United States President Barack Obama addresses reporters during his meeting with South African President Jacob Zuma at Blair House in Washington DC on Sunday. [Photo/Reuters] |
At a speech in Prague last April, Obama outlined his major nuclear policy goal as a global mission that requires more than just America's efforts.
He listed nuclear terrorism on the top of his list and his objectives include leading a global effort to secure all nuclear material at vulnerable sites within four years, convening a nuclear security summit hosted by the United States within a year and setting new standards and pursuing a new partnership to lock down sensitive nuclear materials.
The Obama administration recently launched a series of initiatives to accomplish its nuclear goals.
Last week, Obama approved a new nuclear policy for the US, the Nuclear Posture Review, vowing to reduce America's nuclear arsenal, refrain from nuclear tests and not use nuclear weapons against countries that do not have them.
Following that, Obama and Russian President Dmitry Medvedev signed a new Strategic Arms Reduction Treaty in Prague that aims to reduce each side's deployed nuclear warheads to 1,550.
This week's Nuclear Security Summit is regarded as a third step to strengthen Obama's hand before he heads to the United Nations next month for the review of the Nuclear Non-Proliferation Treaty, the centerpiece of international efforts to prevent the spread of nuclear weapons.

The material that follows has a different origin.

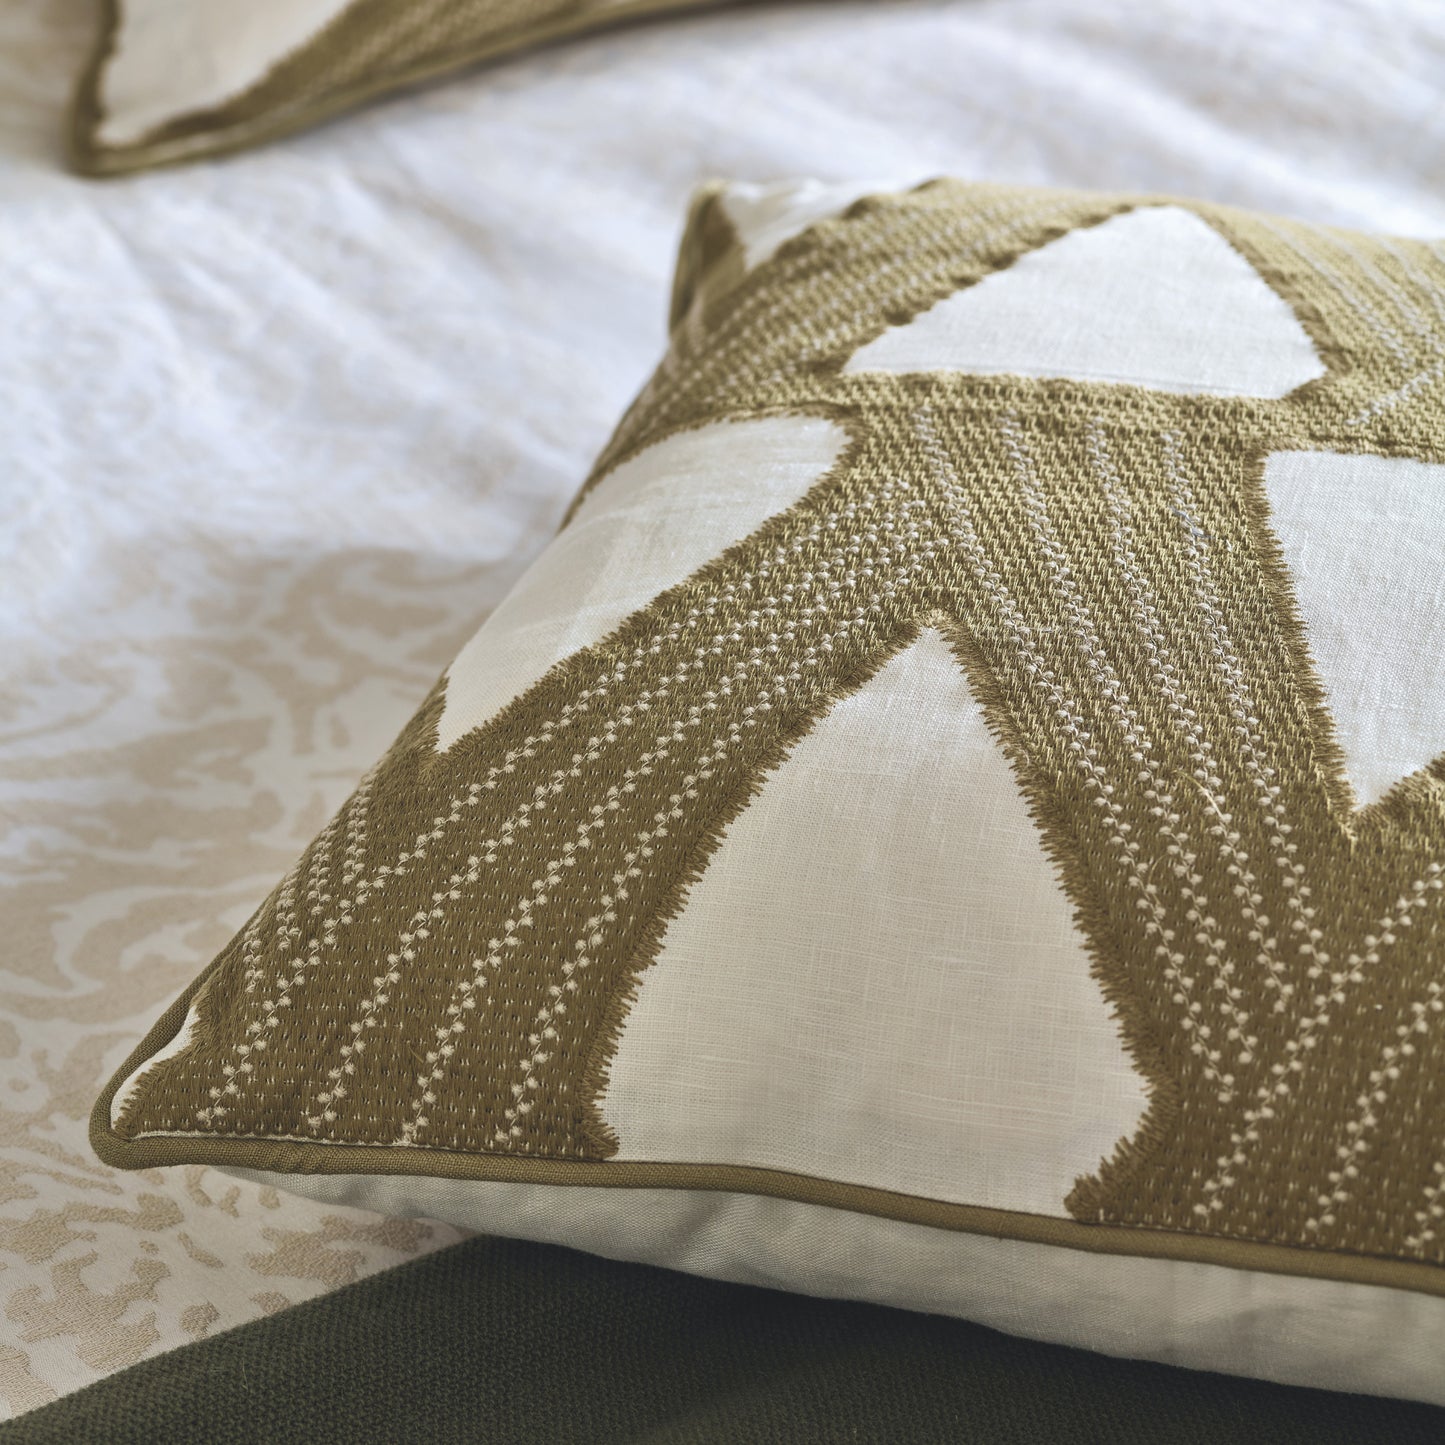 Zoffany Kanoko Decorative Pillow

A US nuclear policy report says that bolstering the global nonproliferation regime is the best way to contain the threat of proliferation posed by some potential nuclear states, such as Iran.
"The imperative before the Obama administration is to use all available tools to prevent the use and further acquisition of nuclear weapons," says the report published by the Council of Foreign Relations.
It suggests that Washington should work cooperatively to ensure that every state with nuclear weapons or weapons-usable materials implements best nuclear security practices - even those countries that remain outside the Nuclear Non-Proliferation Treaty like India and Pakistan.
"The United States cannot form a more effective nuclear security system alone. It must work cooperatively with global partners," it says.
All states share the responsibility to ensure that nuclear weapons are never used again, to prevent the acquisition of additional nuclear weapons by other states, and to redouble efforts to secure and reduce existing nuclear weapons and weapons-usable materials, according to the report.
Sharon Squassoni, a senior fellow and director of the Proliferation Prevention Program at the Center for Strategic and International Studies in Washington DC, said a "fundamental challenge" for nuclear security and nuclear nonproliferation is getting other countries to collaborate to make it harder for terrorists and would-be nuclear-weapon states to achieve their goals.
"The first step in obtaining widespread cooperation is agreeing that there is a problem. The second step is agreeing to take action. The third step may be putting time, money and effort into solving the problem," she said.
This summit will likely focus on the first two steps in the process, she said, with the understanding that a global fissile material lockup can be accomplished in a shorter period of time with many more hands to help.
But it is difficult to achieve the goals of the summit due to complicated regional security issues, such as India and Pakistan, said Lisa Curtis, a senior research fellow for South Asia in the Asian Studies Center at The Heritage Foundation.
"No one can dispute the significance and urgency of the issues to be addressed at the nuclear security summit, namely that of preventing acts of nuclear terrorism and securing vulnerable nuclear materials," she said.
"But achieving these goals in practical terms will be difficult, given the complex regional security dynamics driving nuclear decision making in different parts of the world. Nowhere are these regional dynamics more complex than in South Asia."